Storage: Like the server component, system storage can benefit from a
redundant array of independent drives (RAID), allowing users to easily
replace drives in case of failure. Arranging standard, off-the-shelf
hard drives so that the operating system sees them as one large logical
hard disk increases storage throughput as well as reliability. There
are different levels of RAID — from minimal spares to a full “hot
swappable” mirrored solution where there is no disruption to the
operation of the system and no loss of data in the event of a hard disk
Cameras: Network cameras include a built-in watchdog that automatically
restarts them whenever service is interrupted. But the network camera
technology continues to evolve. When upgrading camera firmware, do the
upgrades one unit at a time to avoid creating major blind spots in the
surveillance network, which would occur if a large batch of cameras
were pulled offline at the same time. Schedule upgrades automatically
as a function of the video management software or use vendor-specific
tools that allow an administrator to
control batch upgrades.
Also remember to periodically check that cameras are not redirected,
pulled out of focus or covered by post-installation changes to the
environment. Many network cameras have the built-in intelligence to
automatically alert operators if they have been tampered with.

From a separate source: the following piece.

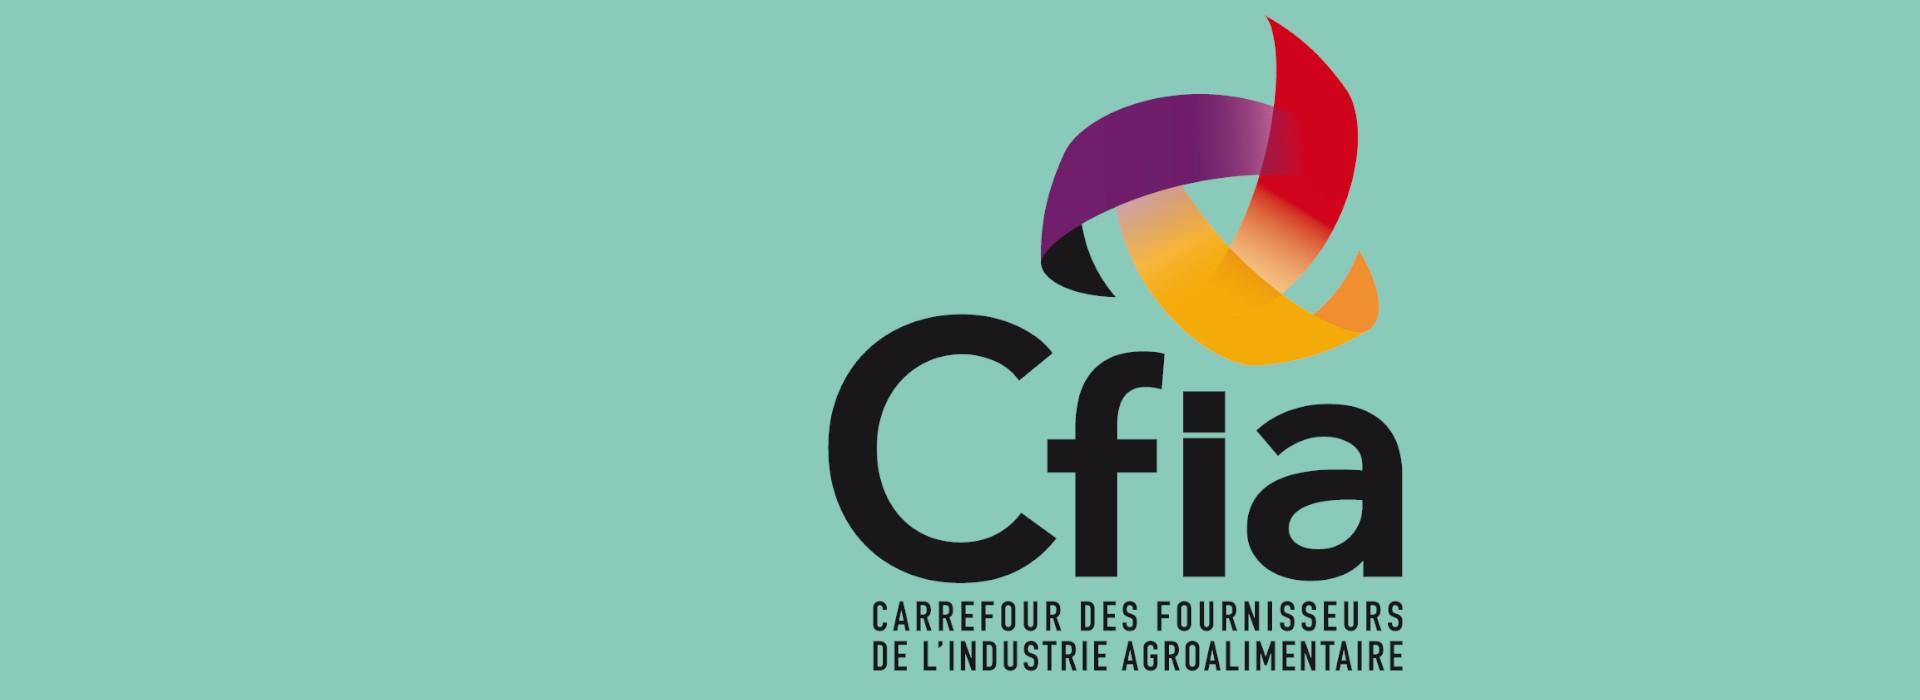 Badge gratuit salon CFIA

Power: All electronics require power and sometimes that is the weakest
link in the chain. Providing hot swappable power supplies for the
servers and switches is one possibility, but if massive power outages
are a concern, consider deploying an Uninterruptible Power Supply (UPS)
system. Network video systems that use Power over Ethernet, however,
have the advantage that the complete surveillance system, including the
network cameras, will remain operational for some time in a power
outage. Since most power failures are of short duration, this will go
a long way in ensuring uptime.
Each organization will make different technology choices based both on
the criticality of coverage and budget available. For example,
educational institutions may be able to schedule system maintenance in
late evenings with minor ramifications. Meanwhile, transportation or
medical-related organizations may have less leeway because of their
extended hours of operation. The bottom line is that using strategies
outlined in this column, organizations should be able to maintain
reliability that meets or exceeds their needs.